Raymond noted his task force provides emergency warning
of impending orbital collisions to all of the world’s
spacefaring governments and companies, though it
collaborates closely in space primarily with Australia,
Canada and the United Kingdom. JFCC Space, he explained,
catalogues and tracks the trajectories of all known orbiting
systems and debris.
“JFCC Space is the world’s premier provider of space
situational awareness, data and products,” Raymond said.
“Over the past few years, we have bolstered our commercial
and international partnerships, we’ve implemented two-way
sharing agreements, and we’ve worked collaboratively to
refine our sharing processes.”
The general noted the command also is on track to deliver
a new command-and-control system, the Joint Space Operations
Mission System and additional space situational-awareness
sensors.
Each agency represented at the hearing, along with NASA
and others, has a role to play in U.S. space operations. All
of the witnesses stated that the United States must improve
domestic space traffic management, and move quickly to
foster international agreement on use of space.
Key orbits -- mostly crowded with government-owned
vehicles -- are becoming obstacle courses, experts
testified, as more countries launch more objects into space.

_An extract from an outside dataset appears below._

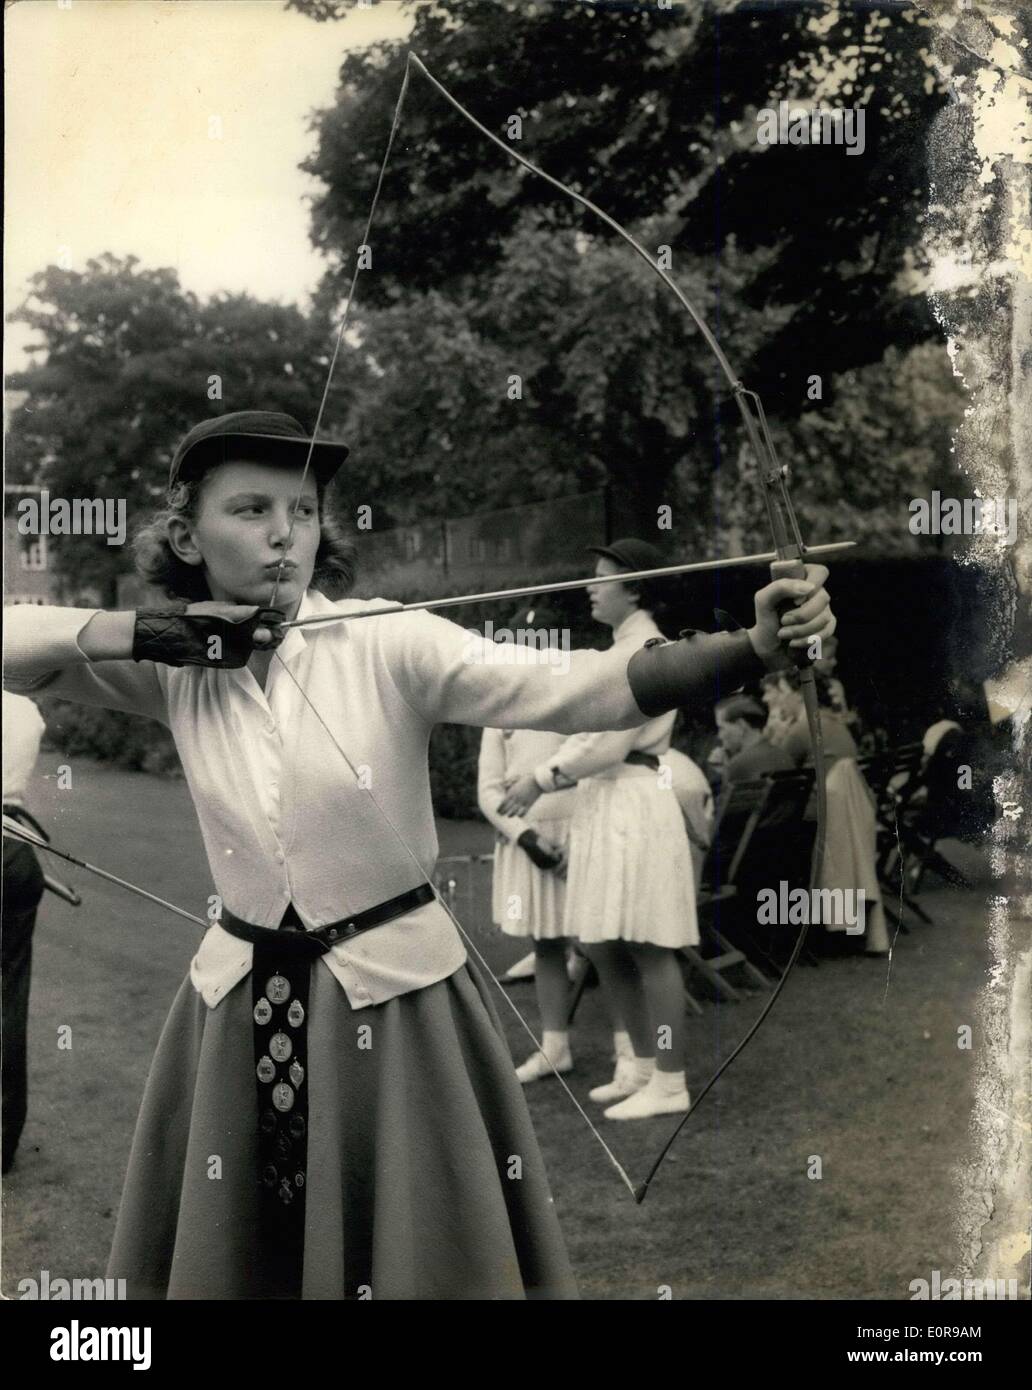 Aug. 29, 1958 - Boys and Girls Archery Championships.. The boys and girls Archery Championships opened this afternoon at the Royal Toxophillite society ground, Hydepark. Photo shows Susan Osborne, age 13 , of the Colchester Archery Club, who has won the championship in 1956-57, when she broke two records, displaying 14 senior championship medals during the competition today. Stock Photo

But each of those objects could become a minefield if it
collided with another at “hypervelocity” orbital speeds many
times faster than a bullet, as one witness testified.
Such a disaster has happened spectacularly at least twice
in the past decade.
In 2007, China destroyed one of its own old satellite
systems in orbit during an anti-satellite weapon test, in
what hearing attendees called the largest known creation of
space debris in history.
China’s test blasted the nonworking mass into a “cloud”
that diffused widely -- in some depictions, it now resembles
a seeding dandelion head -- and is estimated by some at the
hearing to include 150,000 objects centimeter-sized or
larger.
The second orbital catastrophe was in 2009, when Russian
satellite Kosmos-2251 and U.S. commercial satellite Iridium
33 collided, destroying both. Each vehicle disintegrated
along its orbital path, scattering a roughly X-shaped debris
field one witness said holds some 2,000 objects of at least
a centimeter.
Each piece of space junk, as well as each functioning
orbital object that eventually will become junk, has a
projected duration in orbit that varies from months to
centuries, witnesses noted -- mostly depending on the
object’s size, shape and orbital elevation.
Raymond said monitoring increasingly complex traffic and
debris in the space domain is and will remain his command’s
mission as part of DOD, both to protect national security
and because no other agency is equipped to do so.
While JFCC Space constantly tracks orbital objects and
adjusts recorded trajectories, Raymond acknowledged the
command has no authority to act against a potentially
destructive satellite or other object in space.
Regulations governing even U.S. domestic spaceflight are
complicated. As witnesses explained, the FAA has authority
over U.S. commercial and government space vehicles -- but
only on launch and re-entry, not during orbit. The Defense
Department has responsibility to monitor, but cannot
enforce, space movements.
But testimony suggested the need to bring order to
managing close encounters in space is pressing.
Raymond noted one witness had testified that NASA’s
International Space Station had changed position 16 times to
avoid striking other objects in orbit. “In fact, just last
month we told them to move it twice,” he added.
Witnesses and committee members agreed as the hearing
closed that effectively managing space transportation,
clearing debris from orbit, and protecting the planet from
strikes by near-Earth objects are all challenges that will
require national and international effort.